What I Thought I Knew About Staying at Home

I’m sitting on my back deck at 10 a.m. on a Wednesday morning, drinking a pumpkin coffee and reveling in the coming of autumn. I’ve dragged Baby Alex’s activity bouncer out here with me, and she’s listlessly pressing buttons that play kid versions of classical  music while two caterpillars of snot work their way toward her upper lip. Life isn’t perfect, of course, but with the older girls at pre-school and “Young Folks” by Peter Bjorn and John drifting through the open kitchen window, I can say that it’s solidly good.
A year ago at this time I would have been just starting my third period social studies class, a collection of twenty of the dearest and most adorable seventh-graders that has ever existed. Unlike my nightmare second period, which seemed hell-bent on driving me out of the teaching profession (Congrats, second period: you did it!), these kids left me feeling lucky every day. They were what I loved about teaching. When I asked them to change the lyrics of a popular song to make it about the French Revolution, they agonized over whether to use Taylor Swift’s “Bad Blood” or something by Lorde. They made music videos and album art. They willingly performed their songs in front of the class. I mean, they made those fifty minutes each day delightful.
But I was pregnant with my third child, and we all know that the teaching profession isn’t just fifty euphoric minutes and a feeling of accomplishment that you’ve taught them the basic difference between mercantilism and capitalism. Even my third period couldn’t convince me to stay.
It was a process, the decision to quit teaching, at least for the time being, and to stay at home. It involved a series of conversations with myself – that is, between “Working Me” and the woman I thought I would become, let’s call her “Fake Future Stay-at-Home Me”. These conversations went something like this:

Working Me: I’m thinking of becoming a stay at home mom-

Fake Future Stay-at-Home Me: If you’re going to join the club, you need to start learning the proper lingo. The commonly used abbreviation is SAHM. So, you’re thinking of becoming an SAHM?
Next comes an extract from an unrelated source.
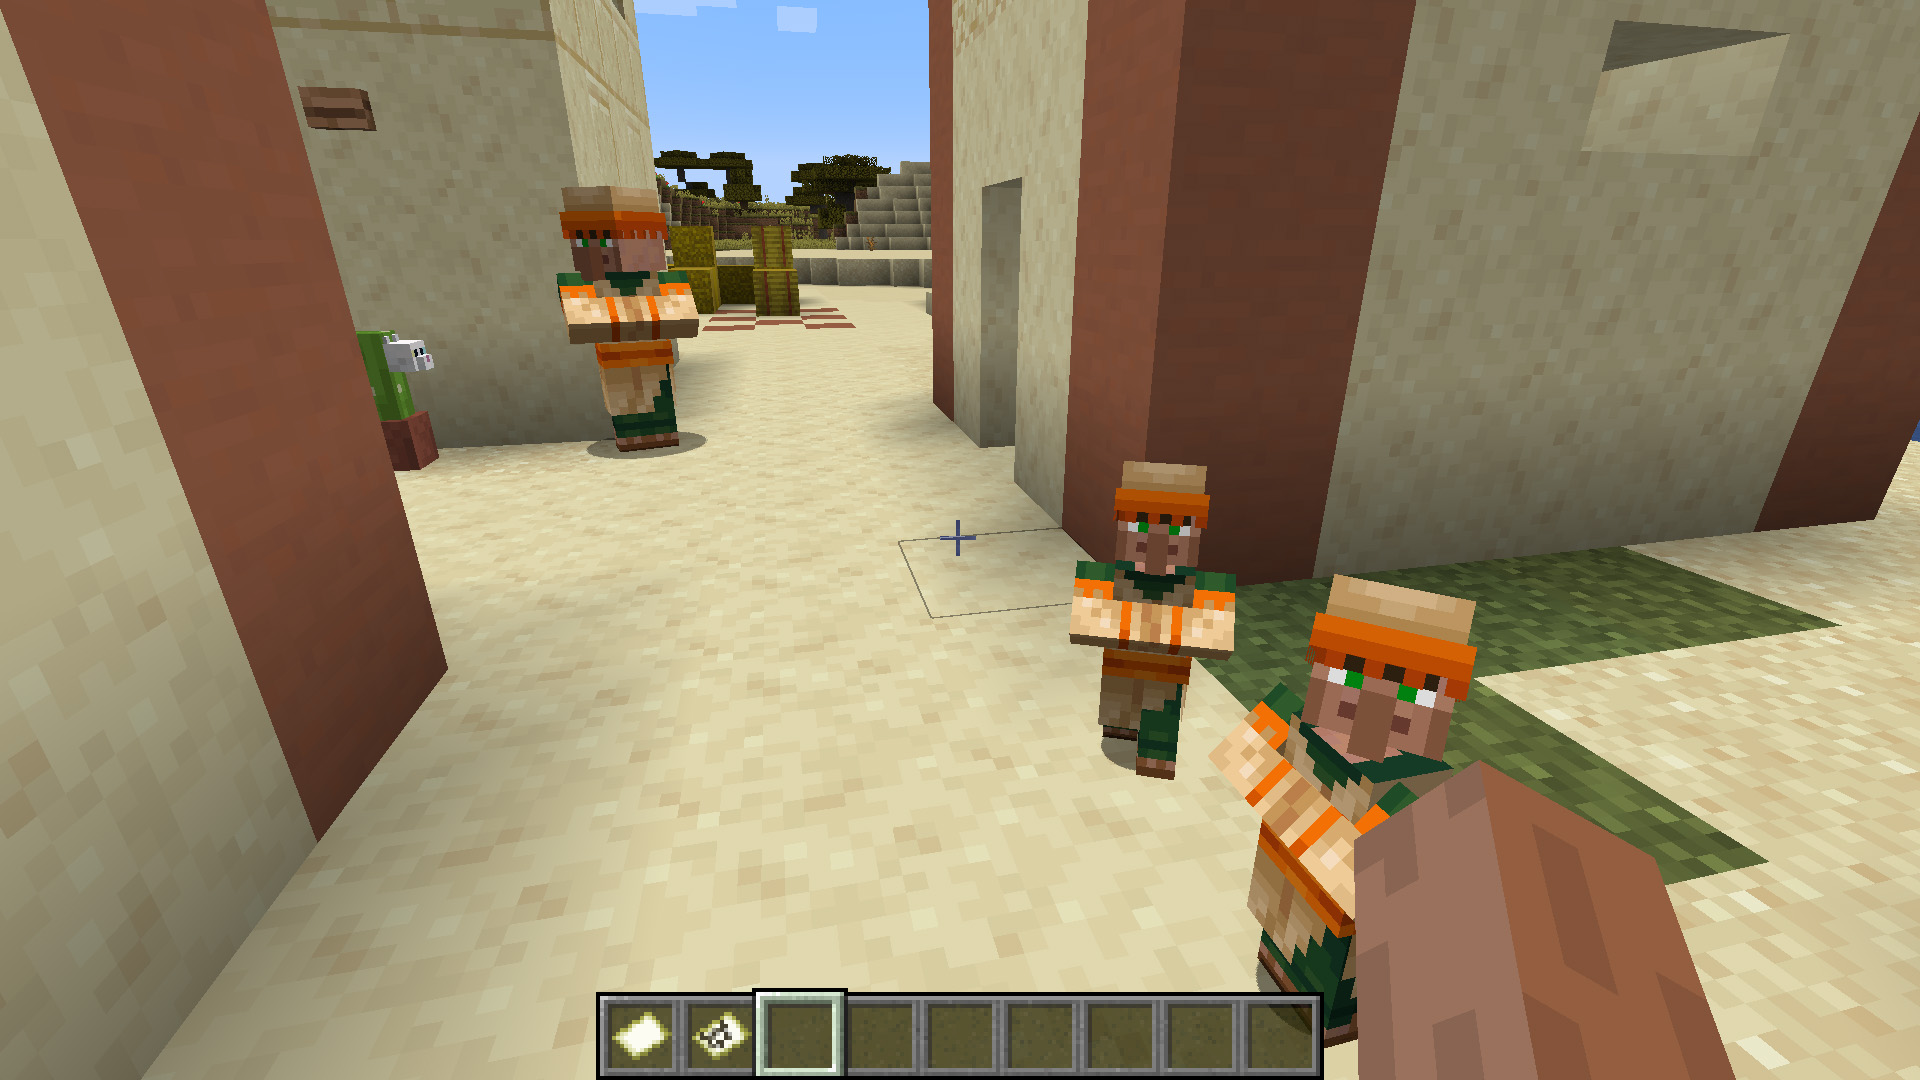 Minecraft breed villager - Two baby villagers stand outside a house in a desert village.

Working Me: Do people really say that? It doesn’t seem any shorter. 

Fake Future Stay-at-Home Me: It is. I would know.

Working Me: Okay, so I’m thinking of becoming an SAHM. 

Fake Future Stay-at-Home Me nods appreciatively. She is very good at listening. Also, her hair looks pretty.

Working Me: But I worry that staying at home is going to send my daughters the wrong message. I want them to know that women can have fulfilling careers outside of the home.

Fake Future Stay-at-Home Me: I think the real question is, do you want your children to know you love them? Isn’t that the most important message? 

I thought I would be a stay-at-home superwoman.
Turns out I already was one.

Working Me: Good point. So anyway, when I see stay-at-home moms dropping their kids off at school, they are almost always wearing yoga pants or some other variation of workout gear. That’s because they are super into fitness, right? And they have more time for it?

Fake Future Stay-at-Home Me: That’s exactly right. Now that I don’t have papers to grade and lessons to plan, I have more time for everything. Whenever I go out in public, I’m either on my way to or from the gym. I feel great. Have you seen my abs? 

Working Me: I have. They’re impressive. Do you eat healthier now that you’re staying at home? Lots of salad and light, home-cooked meals?

Fake Future Stay-at-Home Me: When I worked, my kids hated vegetables. Now they love them. It’s probably because I’m finally able to execute those ideas I see in magazines and on Pinterest. Just last night I made a plate of broccoli look like Oscar the Grouch. 

Working Me: How many Pinterest projects have you done since becoming an SAHM?

Fake Future Stay-at-Home Me: Oh, gosh. 400? 500? I lose count.

Working Me: And your sex life must be great.

Fake Future Stay-at-Home Me: Obviously. 

She convinced me, this confident, put-together version of myself. And I don’t hold it against her, even though everything she said was a lie. Maybe I knew it even then, that it was too good to be true. That a woman with three small children is a woman with three small children, regardless of whether she works 9-5. The exhaustion, the frustration, the feeling of being totally overwhelmed – none of those things would change. I’m still not on Pinterest.  My abs are non-existent. My vegetables are boring. But I get to watch my baby sleep on the back deck on a Wednesday morning while leaves spin to the earth and little green lizards soak up what they can of the sun.

In a few minutes we will have to go pick up her sisters. They’ll climb into the car and tell me about their morning, and the afternoon will stretch out in front of us, daunting as ever. So much time to fill. It’s a good problem to have.